▸ WORK ITEM: Your task is to return the listing below word for word, without any of its images.

▸ RAW DATA:
━━━━━━━━

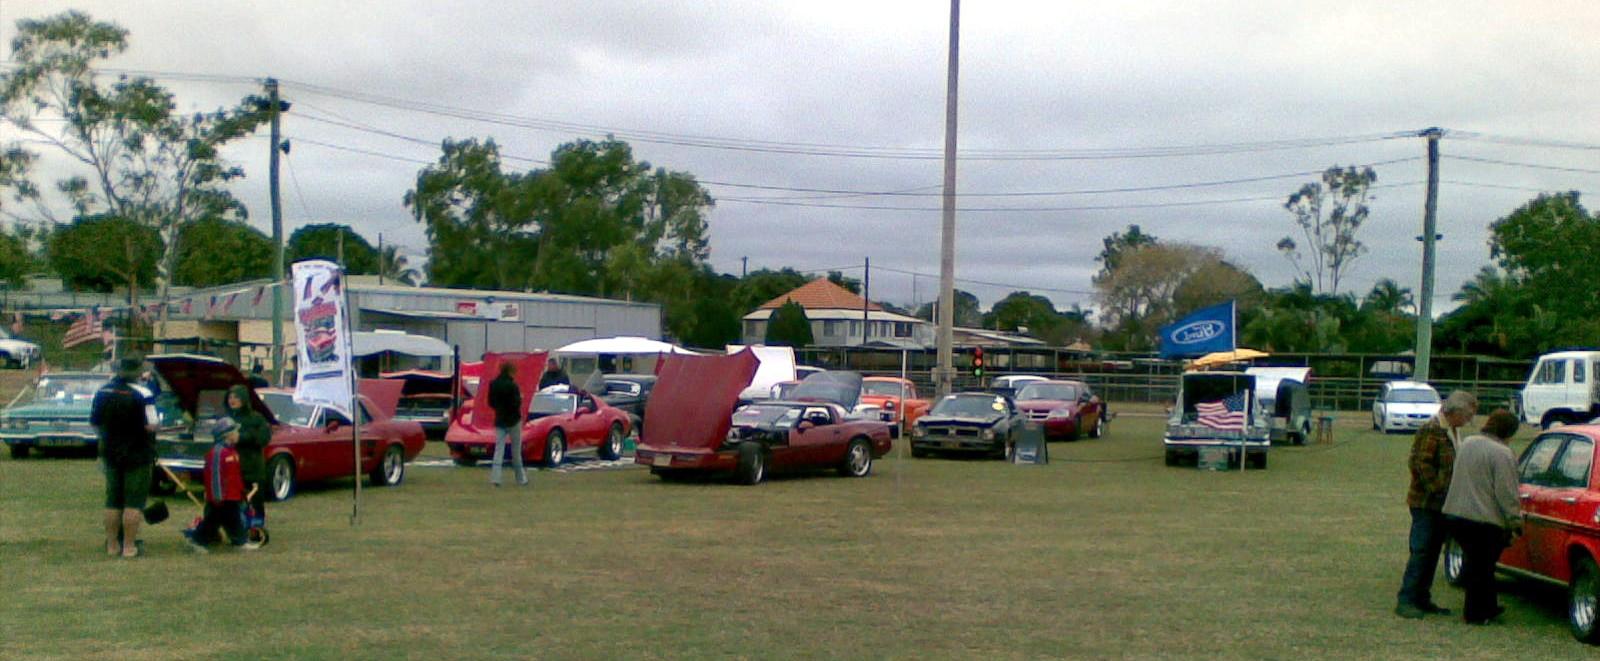 Club display set up 12062011(008)
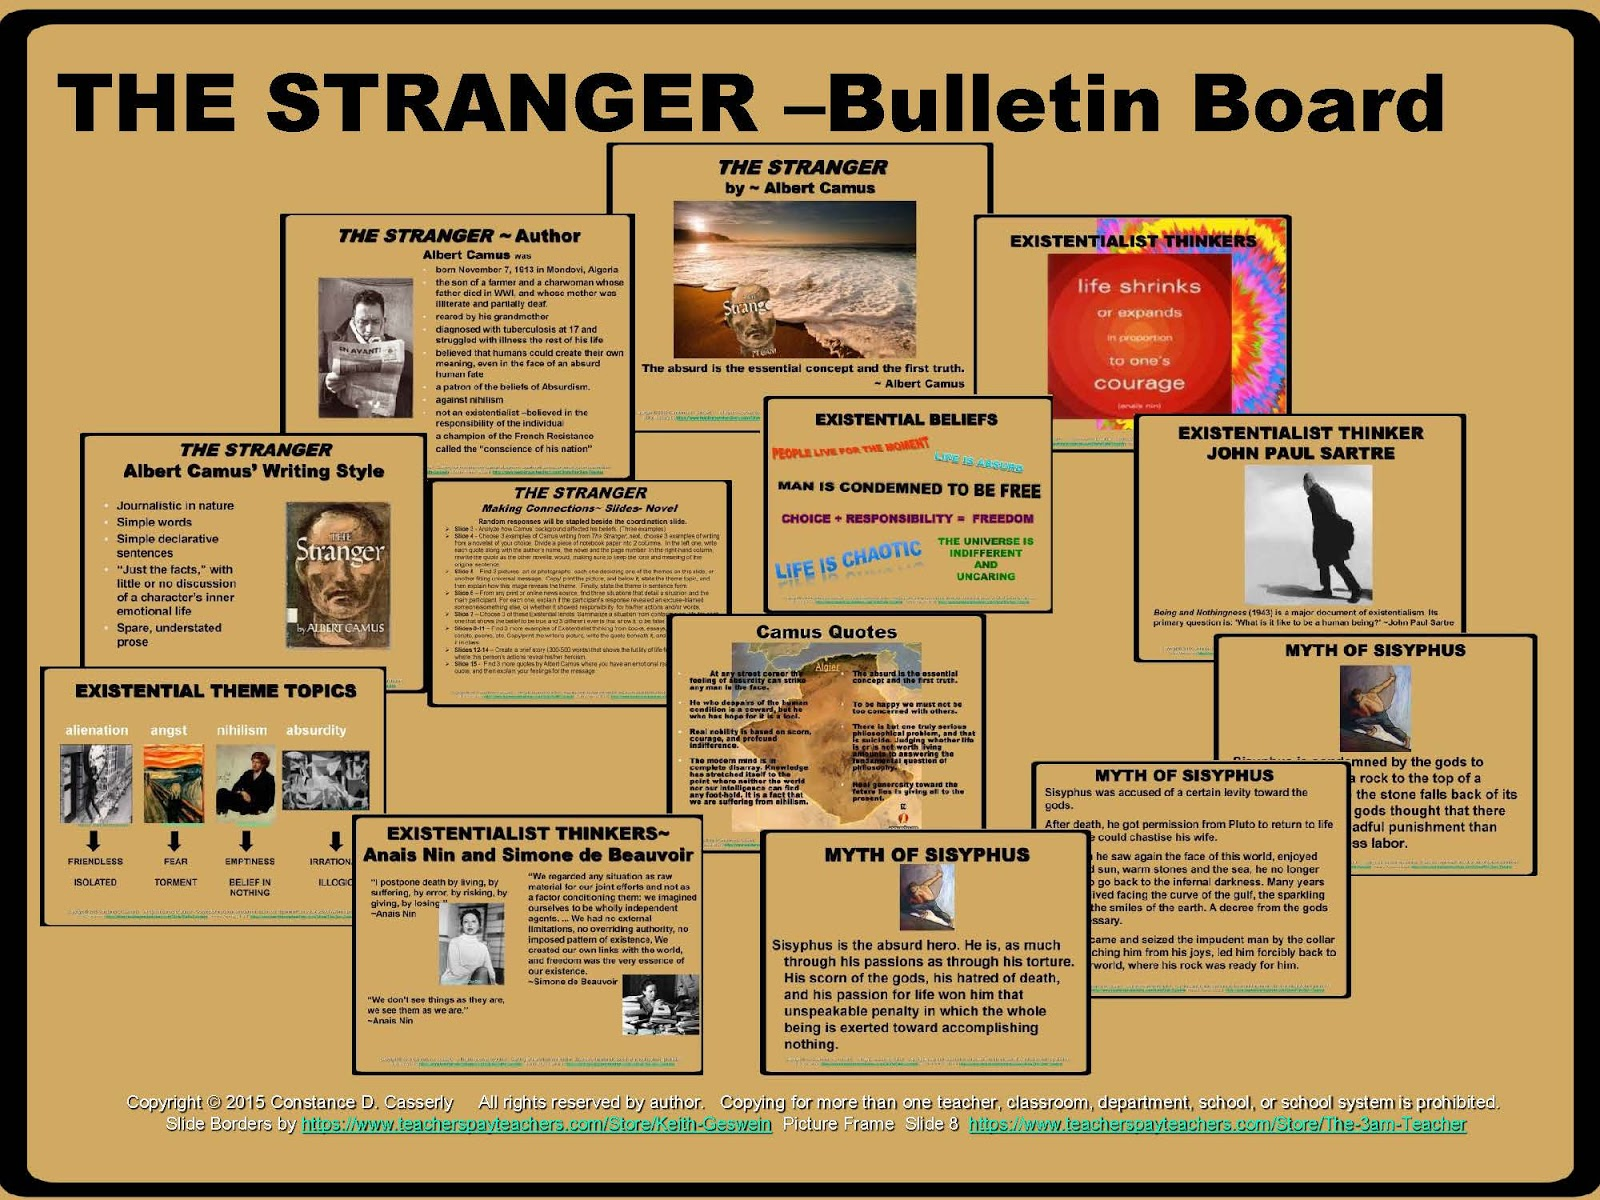 teach it write literature novel ideas albert camus the stranger bulletin board
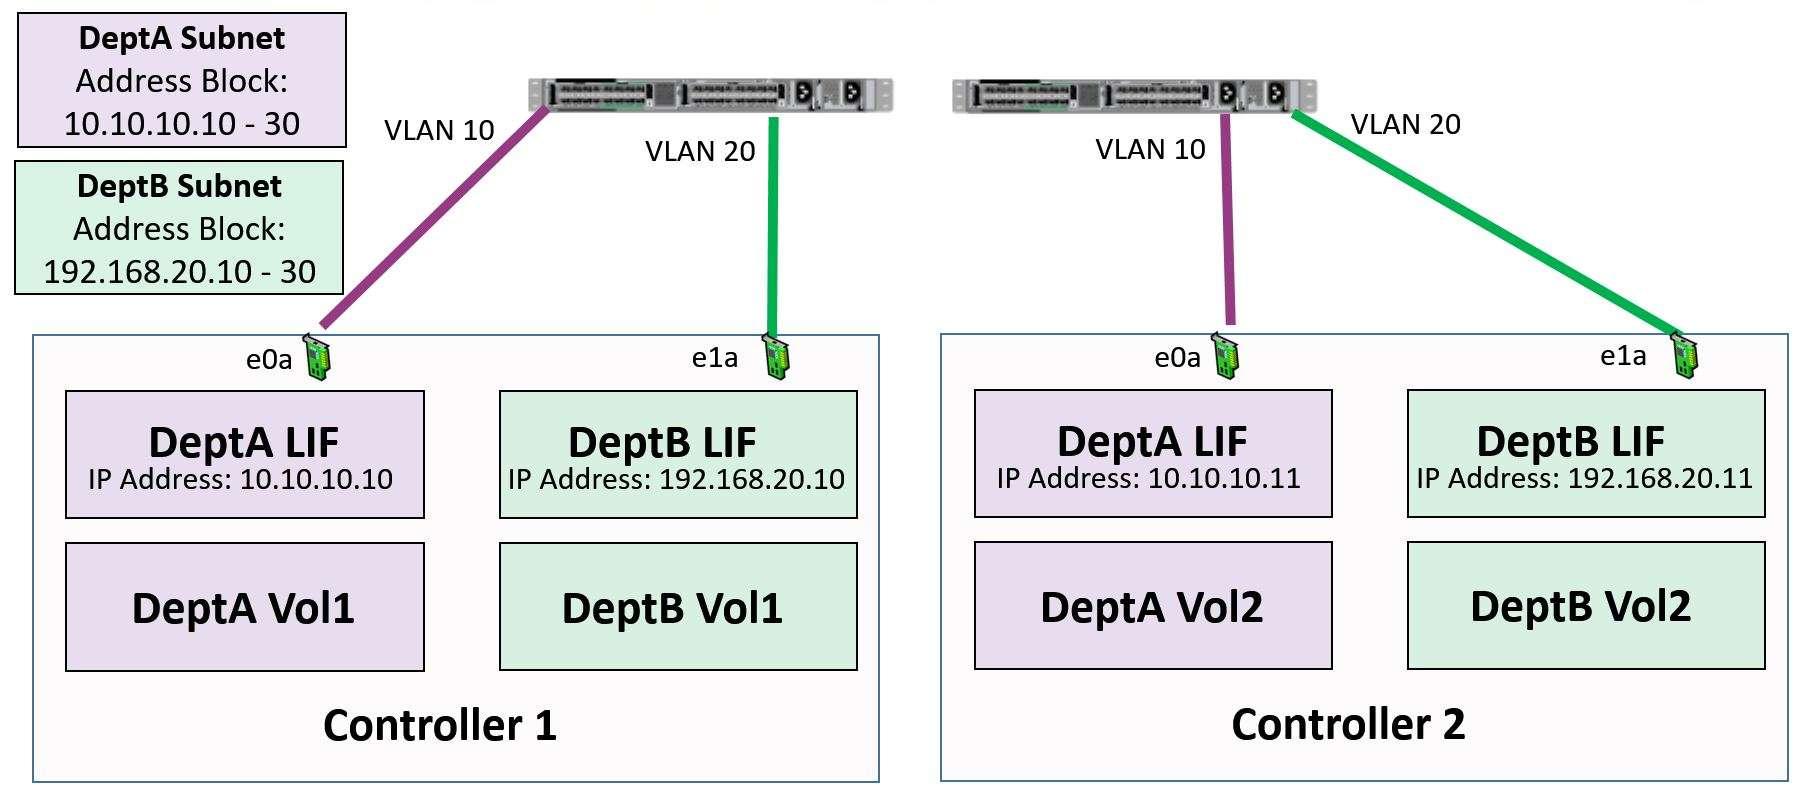 NetApp Subnets Networking Tutorial - FlackBox

━━━━━━━━

▸ SOLUTION:
 Club display set up 12062011(008)
 teach it write literature novel ideas albert camus the stranger bulletin board
 NetApp Subnets Networking Tutorial - FlackBox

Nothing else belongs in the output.